There had been little harmony among the Triple Crown tracks before the bonus years. Harvey Pack, who does in-house television for Belmont Park, used to refer to the Preakness as “the Belmont prep.” The tracks’ alliance was considered revolutionary, and for racing, perhaps it was. But it never would have happened had it not been for the collision of circumstances involving Spend A Buck and Garden State Park, which announced Wednesday it was going out of business on Dec. 4.

The $5-million Triple Crown bonanza is still waiting to be won. The $1-million bonus, which requires that a horse run in all the races to be eligible, might have accounted for a few extra horses hanging around to run after the Derby, but it has had little impact on the series. The truly exciting moments in the last six years have been the Belmonts in which horses had shots at a Triple Crown sweep. Alysheba finished fourth in 1987 and Sunday Silence ran second in 1989 after winning in Kentucky and Maryland. With no Triple Crown champion since Affirmed in 1978, those Belmonts didn’t need a $5-million bonus to hype the occasion.

The bonus has resulted in a dramatic increase in horses completing the Triple Crown circuit. In the six years before the bonus--1981-86--only 10 horses ran in all the races. In 1982 and 1983, none of the 3-year-olds completed the series, and in 1986 Ferdinand was the only one to run three times.
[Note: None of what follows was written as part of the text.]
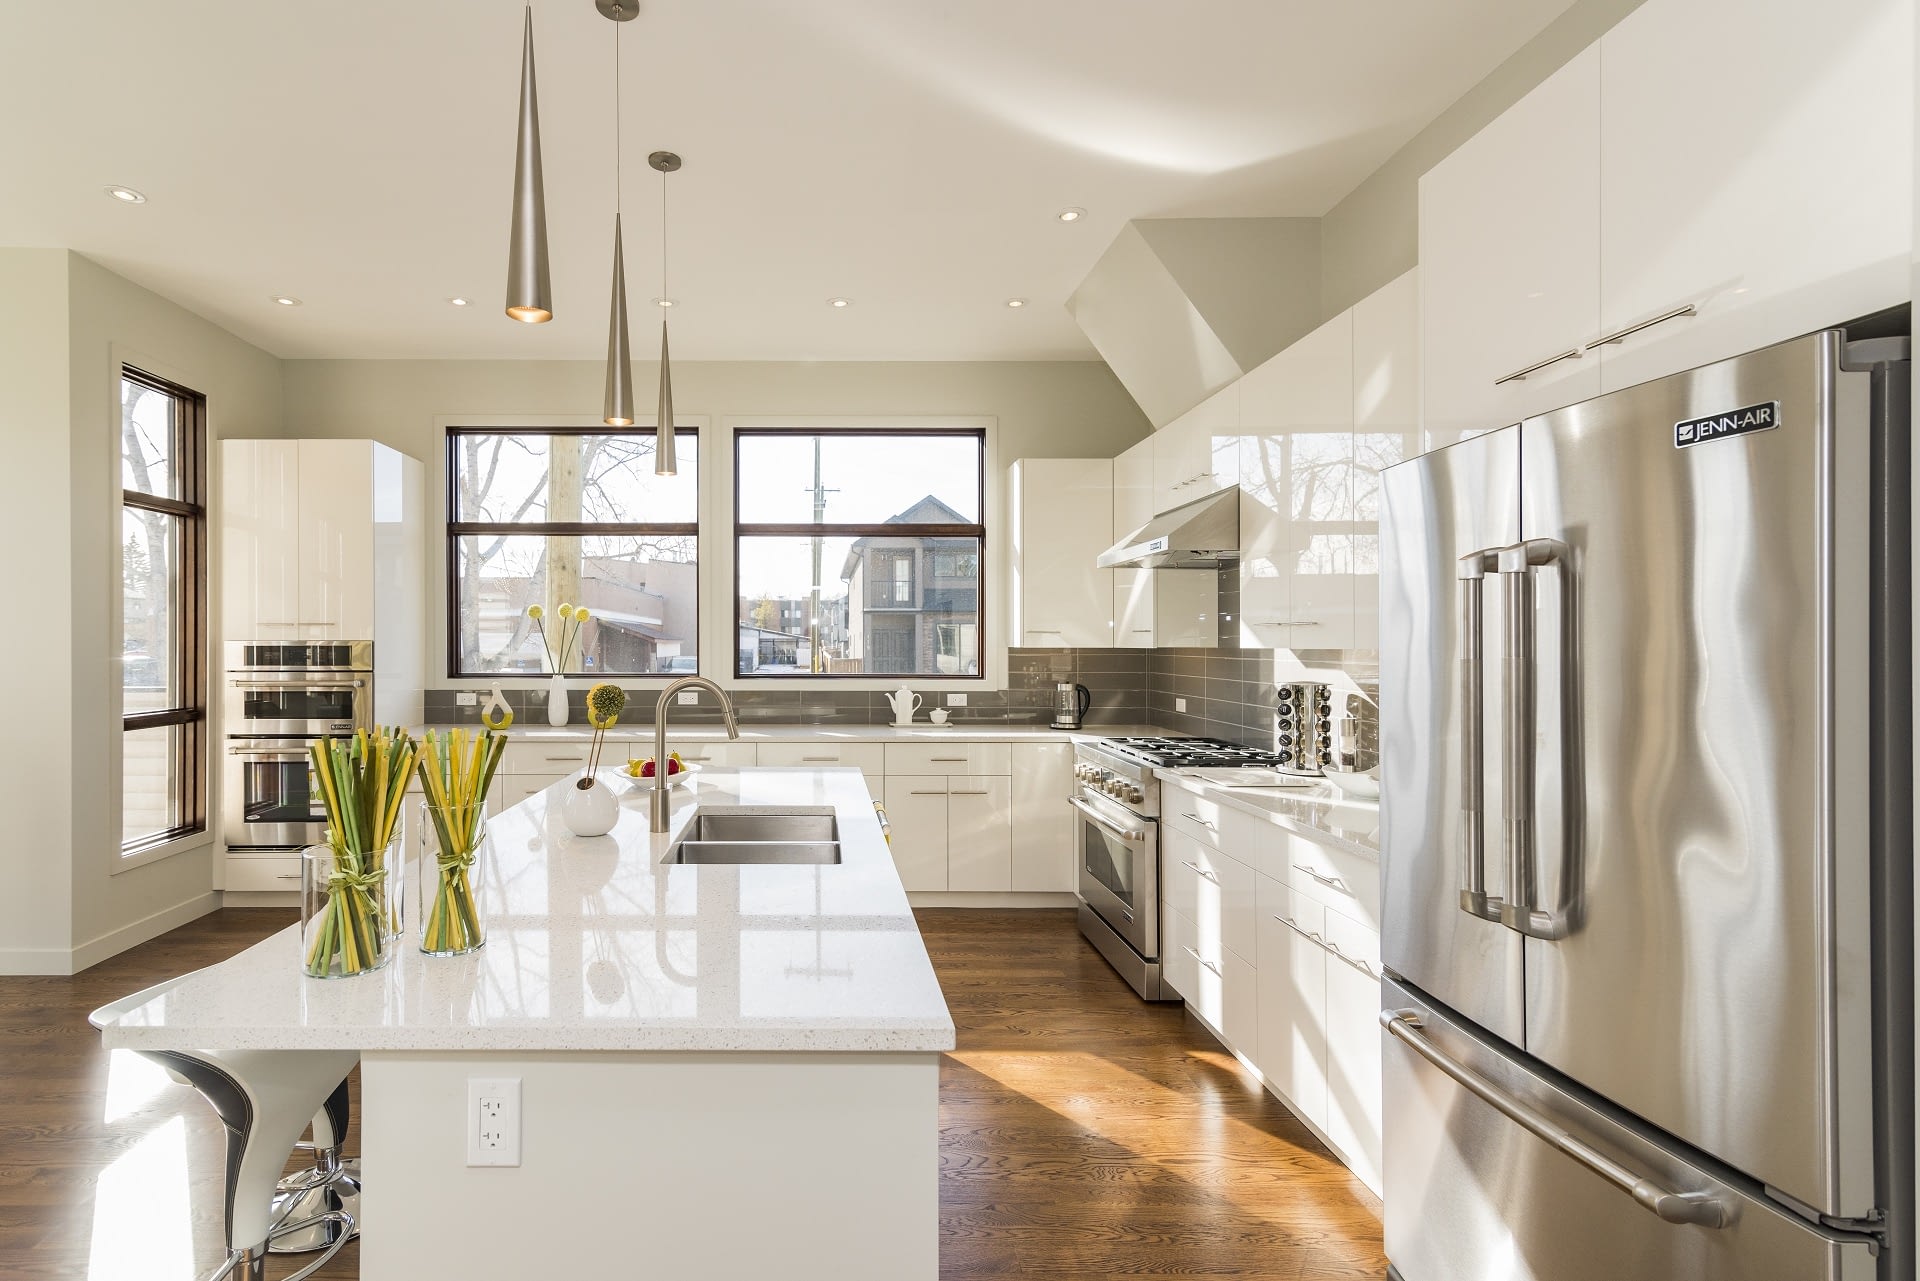 10 Important Things to Consider Before Designing a New Kitchen | Ideal

Since the bonus, and not counting this year’s Triple Crown, 20 horses have run in all the races. Some would have been better off had their trainers forsaken the lure of the extra money and given them a rest. The Triple Crown--three races at distances between 1 3/16 miles and 1 1/2 miles over five weeks--is a grind that few young horses are up to.

Risen Star, winner of the Preakness and Belmont in 1988 after a troubled third-place run in the Derby, couldn’t finish the season. Strike The Gold, winner of the 1991 Derby, sixth in the Preakness and then second by a head in a tremendous Belmont effort, has won three of 20 starts since and was an embarrassing last in Saturday’s Pimlico Special.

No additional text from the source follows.